To determine how far each particle will move you will need to determine the length of the chord. You will need to find the length $S_A$ as well as the length $S_B$. Remember these two lengths will be dependent on each. To find the relationship of these two lengths use the equation below.
Eq 1 $s_A + l_{CD} + s_B = l_t$
Notice in the above equation there is a variable $l_{CD}$. This represents the length of the cord that is making contact with the pulley. A pulley will normally always have a constant diameter, which mean $l_{CD}$ will not change. You can simplify equation 1 by removing $l_{CD} from equation 1.
Eq 2 $s_A + s_B = l$
Next, if you want to find the the velocity of the two particle you will need take the derivative of equation 2 in respect to time. Realize that the the length of cord does not change in respect to time, so you will not need to include that in the equation. Refer to the equation below.

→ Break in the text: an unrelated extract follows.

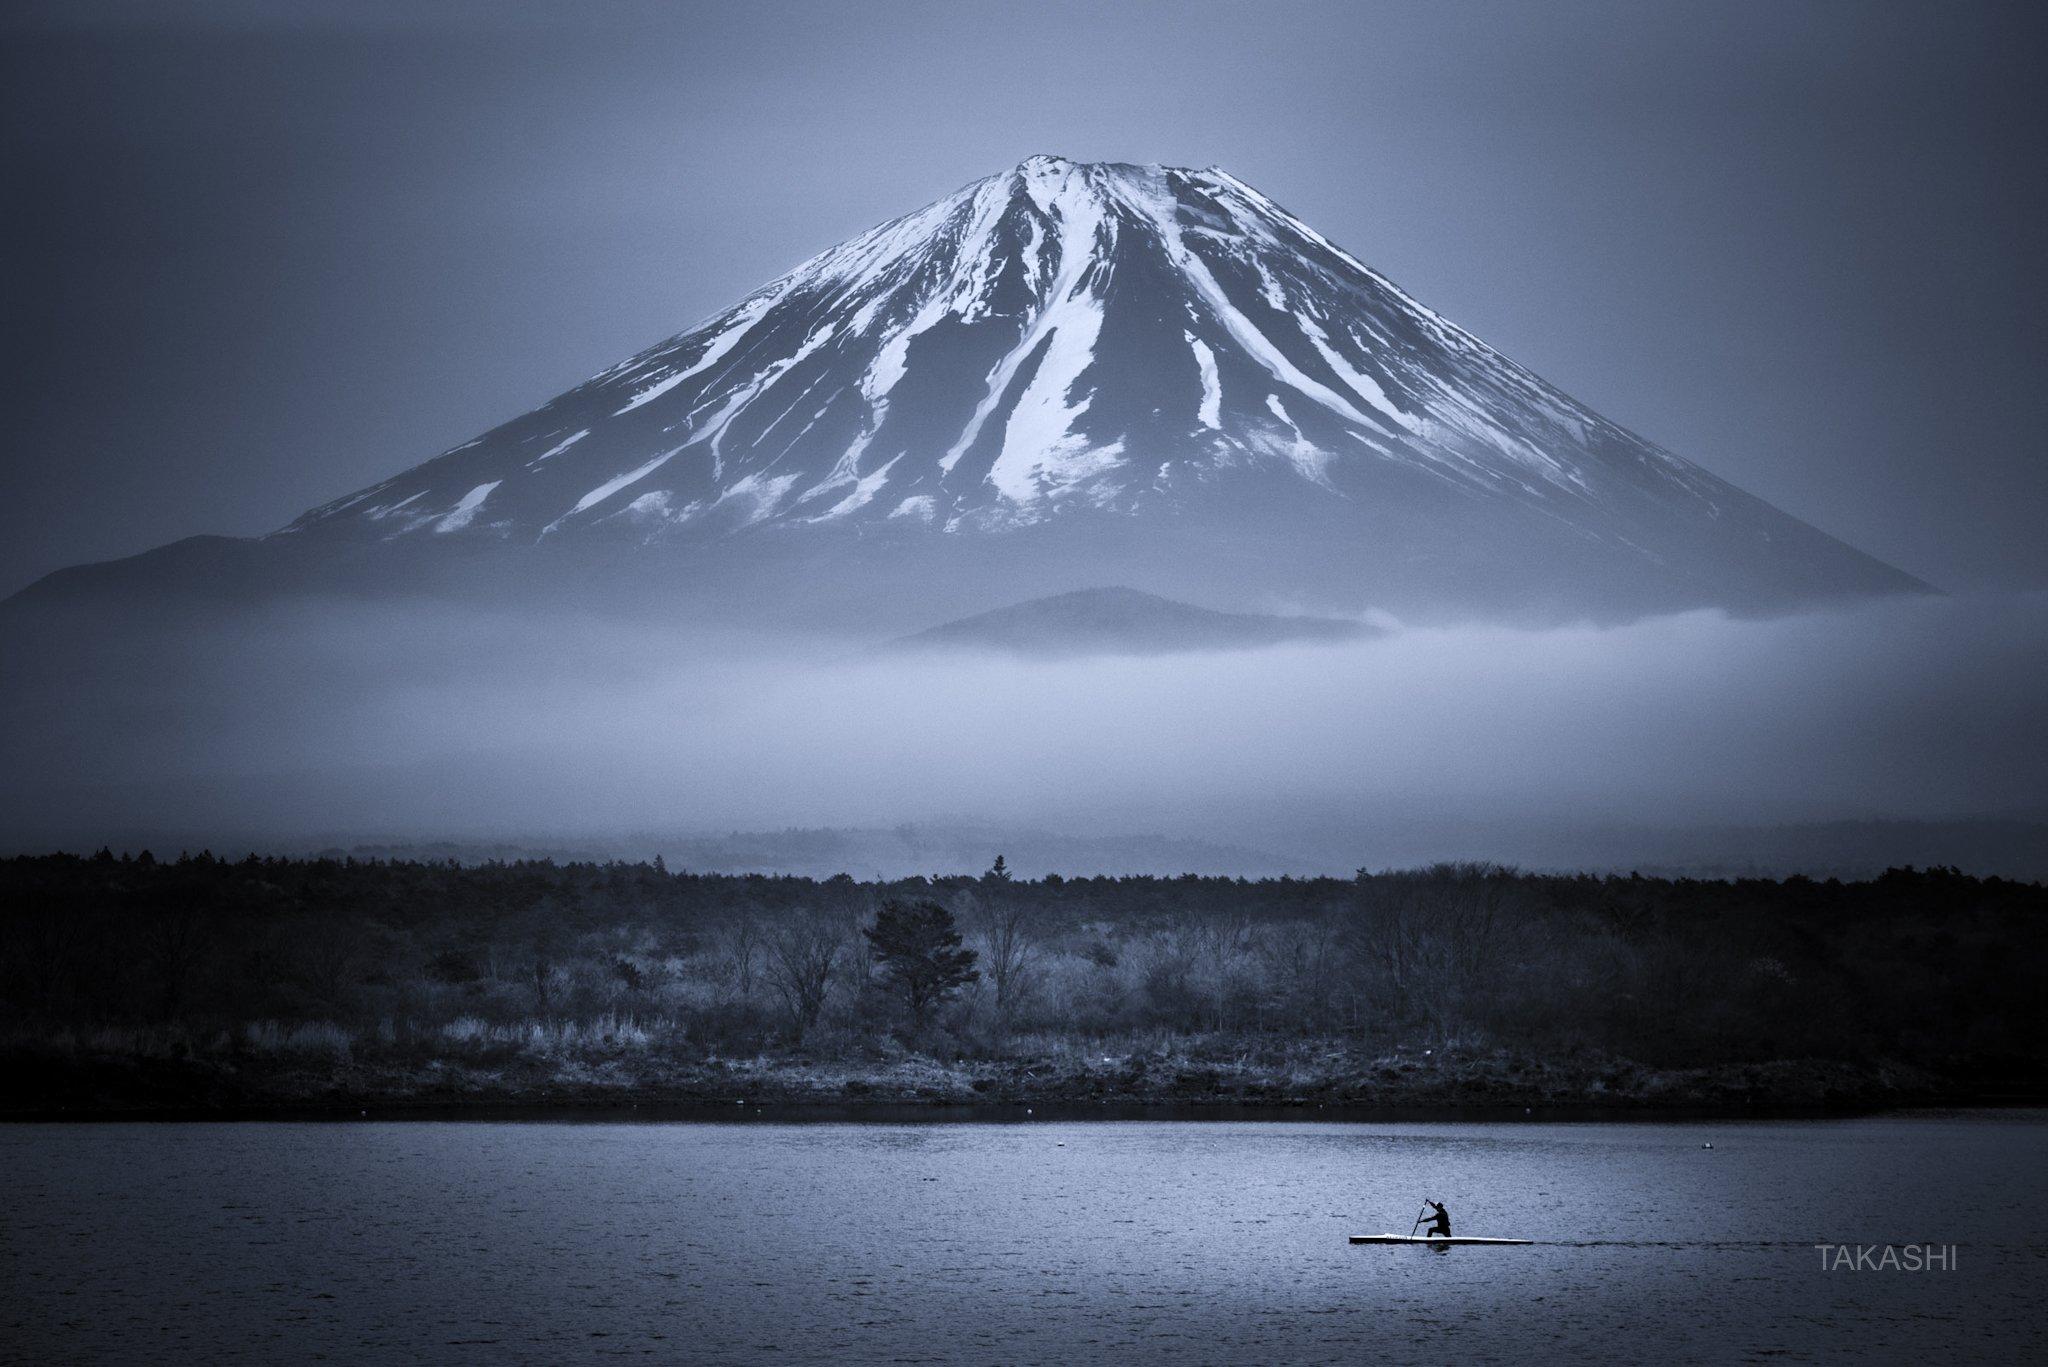 Fuji,Japan,mountain,cloud,boat,training,lake,water,cloud, Takashi

Eq 3 $\frac{ds_A}{dt}+\frac{ds_B}{dt}=0,~or~v_B=-v_A$
The negative sign in the equation above will represent a downward motion while a positive sign represents an upward motion. This means that if $v_A$ is negative than particle A will be moving downward while particle B is moving upward.
Finally, you can find the acceleration of the two particles by taking the derivative of equation 3 or the double derivative of equation 2 in respect to time. This would result in the equation below.
Eq 4 $a_B=-a_A$
For equation 4 if particle A’s acceleration shares the same direction as its velocity than the particle is accelerating, if the signs are opposite than the particle is decelerating. Also, if one particle is accelerating than the other particle is also accelerating, while if one particle is decelerating than the other particle also has to decelerate.
Example
For the image below derive the corresponding displacement equation, velocity equation, and acceleration equation.
Solution
First, you will want to modify the above image to the following.
The lengths of cord that will change are between point CE, ED, and DB. CE and ED will have the same length $s_A$, while DB will have a length of $s_B$. The length of cord will not change between points A and E. You will not need to include this length of cord in the dependent motion equation.
Displacement Equation
$2s_A+s_B=l$
Velocity Equation
$2v_A+v_B=0$
Acceleration Equation
$2a_A+a_B=0$